On the other hand, I really loved Billie’s character. He was a member of Ingrid’s friend group with Micah and her female best friend LD, who was a hilarious best friend. Billie was the golden boy and popular athlete of the group. He was also a bit more complex than that as well. Before the death of his dad, he was more of a punk rock kind of guy, but he changed into a different person in Ingrid’s opinion. Though he was one of my favorite characters, (LD is my other favorite) I still longer to know even more of his story. I felt like he didn’t get enough scenes in the book.

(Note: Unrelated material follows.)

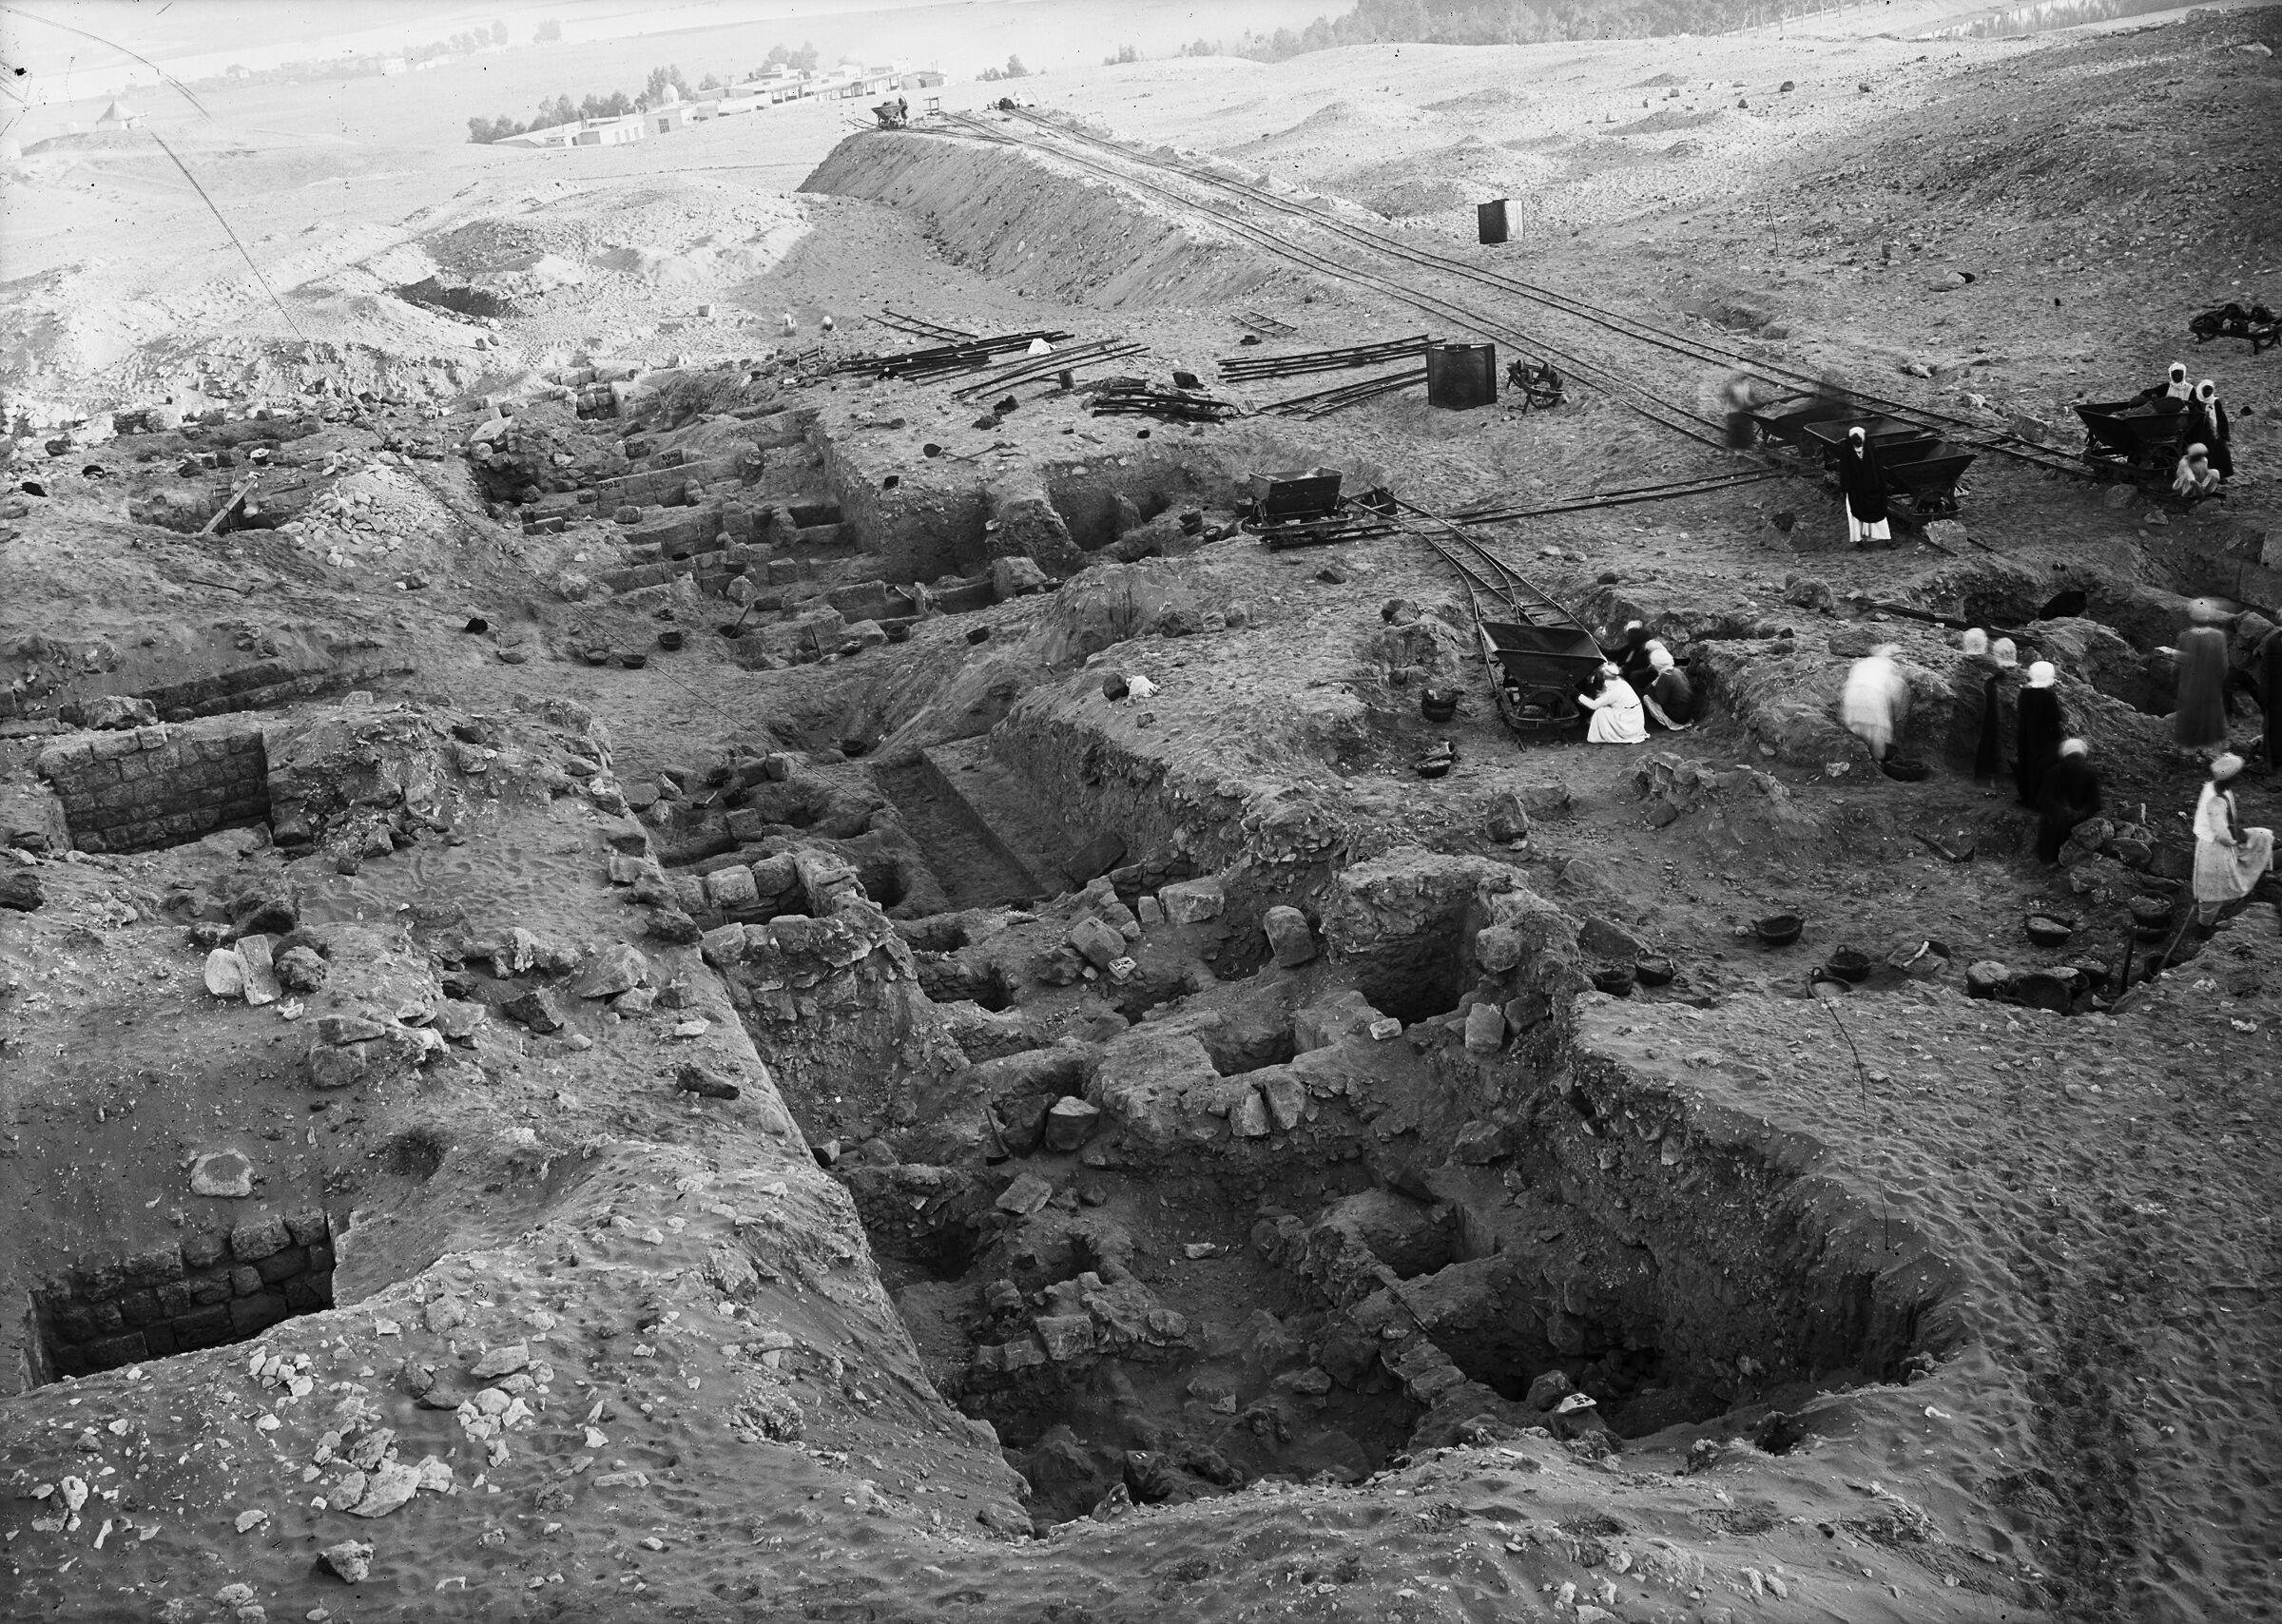 Western Cemetery: Site: Giza; View: G 2311, G 2312, G 2310 = G 5180, G 2320 = G 5280, G 2300 = G 5190, G 2350 = G 5290, G 2313, G 2304, G 2302

So in the end, this wasn’t a terrible book or anything like that. It was a pretty fast read and the writing wasn’t bad. Though I did have a problem with the language. Specifically, the fact that Ingrid said “bless” basically every other line of the book. Was that seriously necessary though? Like I said, this just didn’t turn out to be the book for me for a few different reasons. I still think that you should try the book out for yourself, because you might really love it!